> ASSIGNMENT:
Please repeat the lines below exactly. Begin with the line containing "bridesmaids and their" and go on through the line containing "SOLD OUT black".

> SUPPLIED MATERIAL:
= Beginning of Section =
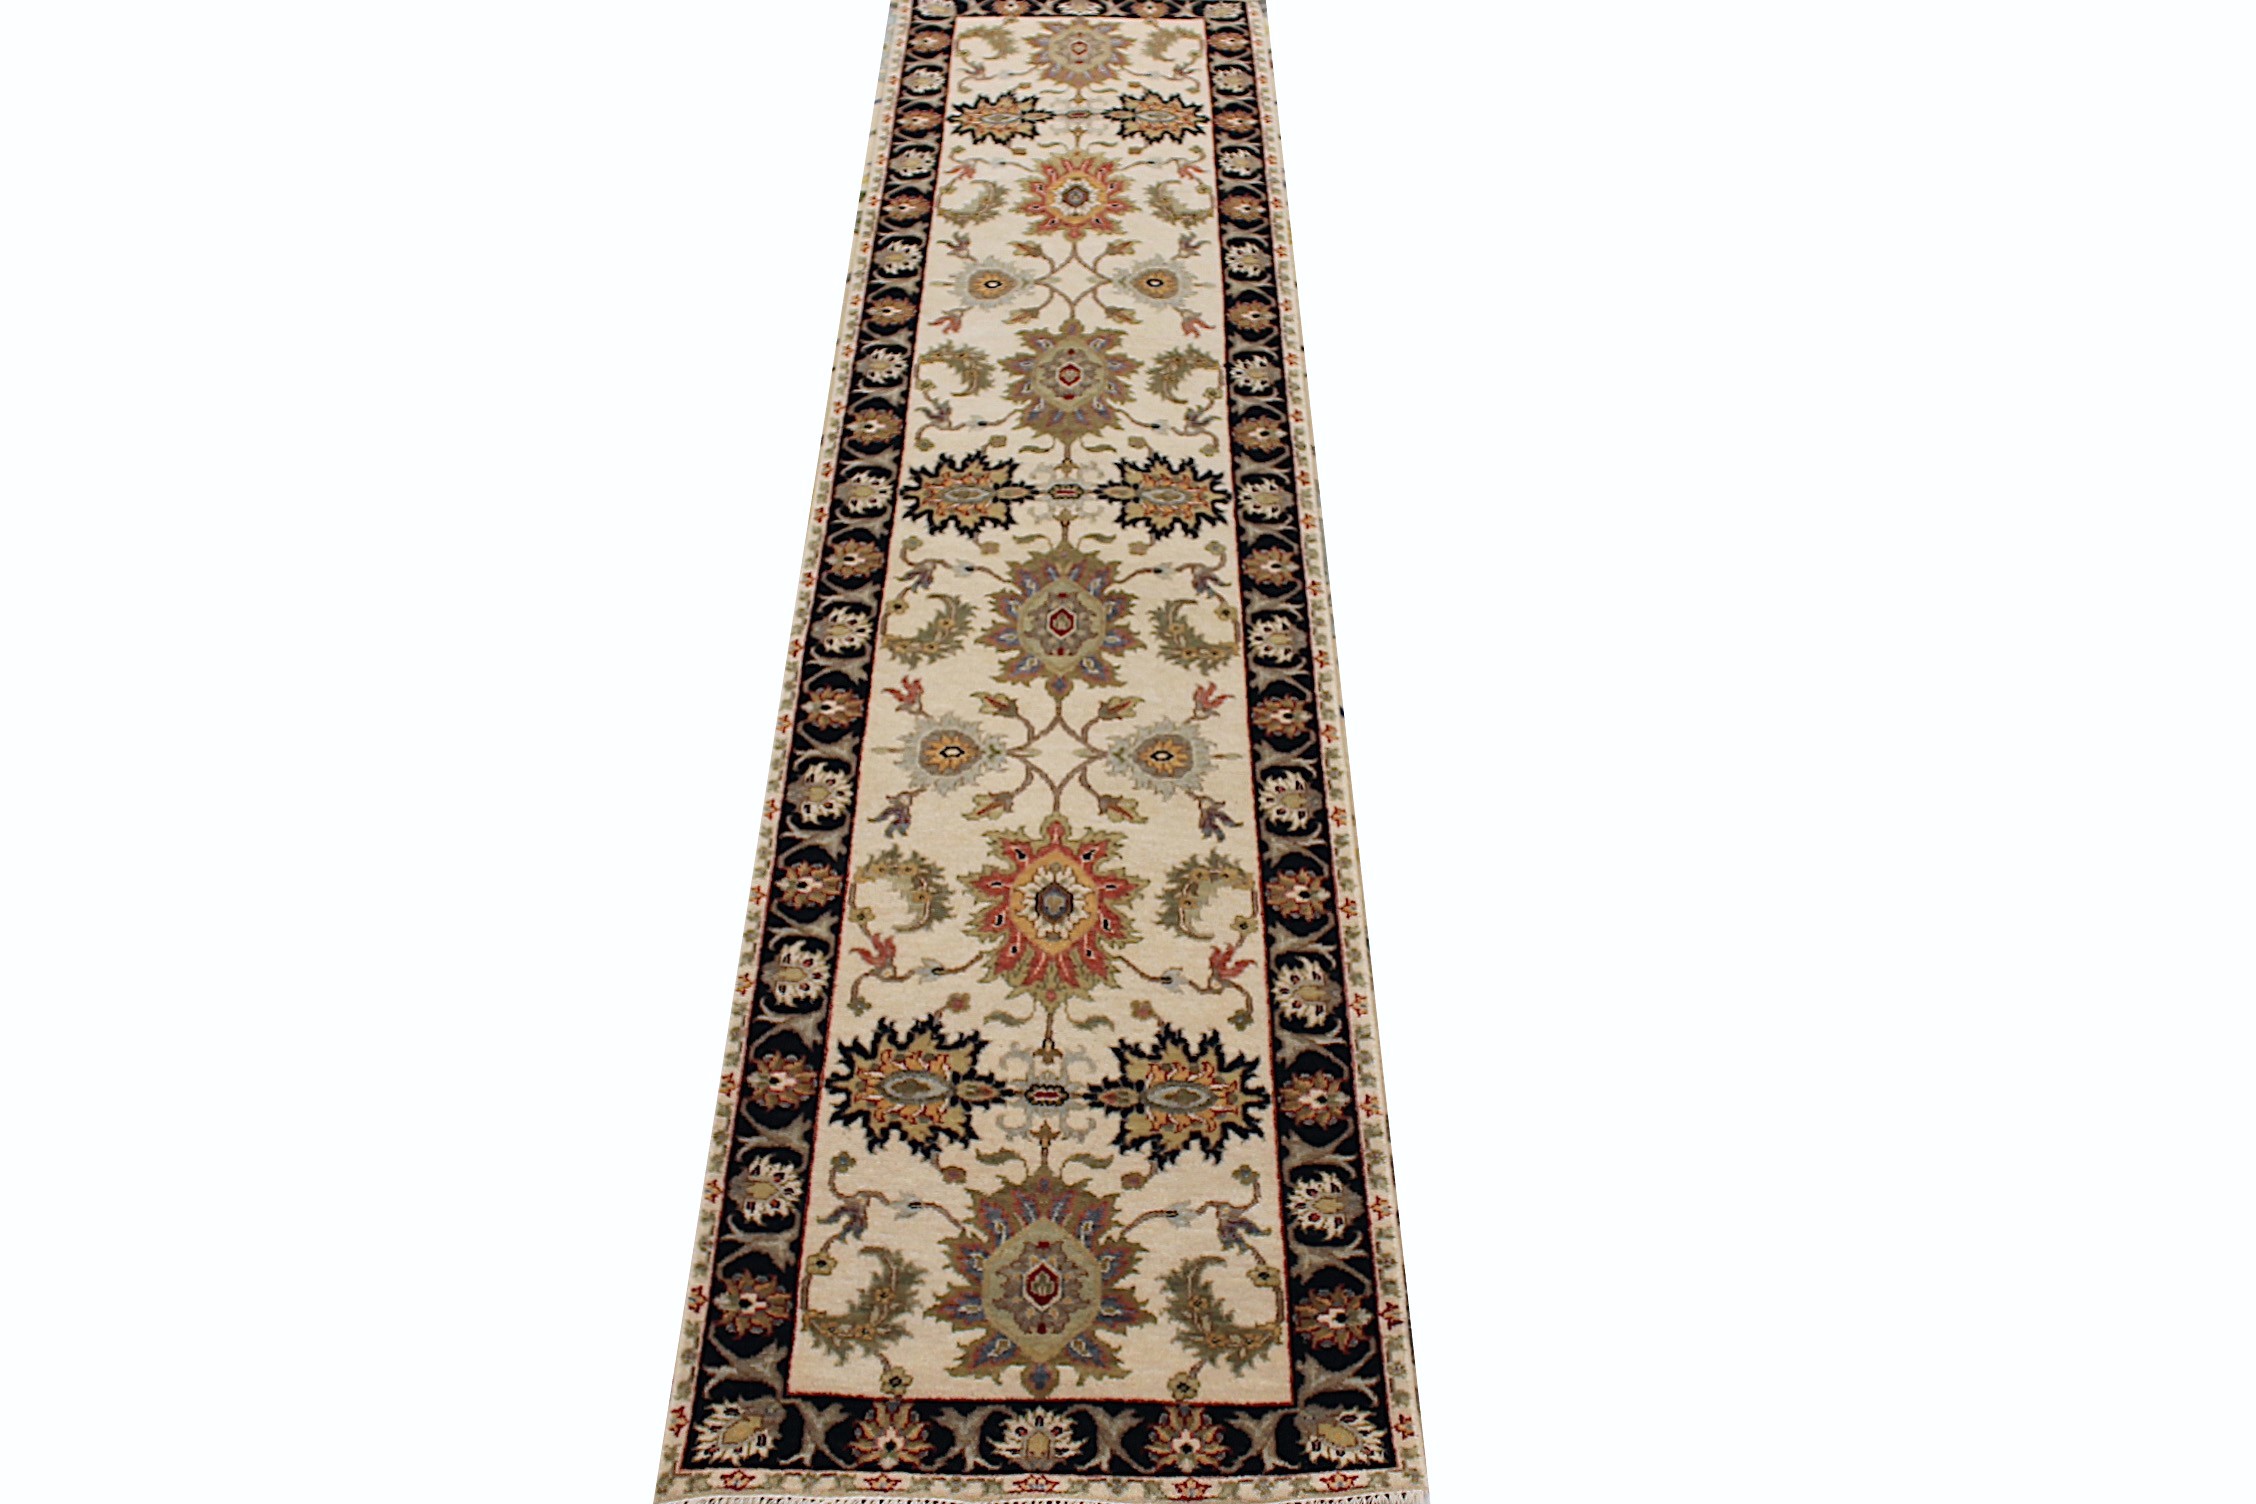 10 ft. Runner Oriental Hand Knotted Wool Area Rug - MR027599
= End of Section =
= Beginning of Section =
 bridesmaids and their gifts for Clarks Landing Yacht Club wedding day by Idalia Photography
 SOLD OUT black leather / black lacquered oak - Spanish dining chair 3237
= End of Section =
> THE COMPLETED TASK:
 bridesmaids and their gifts for Clarks Landing Yacht Club wedding day by Idalia Photography
 SOLD OUT black leather / black lacquered oak - Spanish dining chair 3237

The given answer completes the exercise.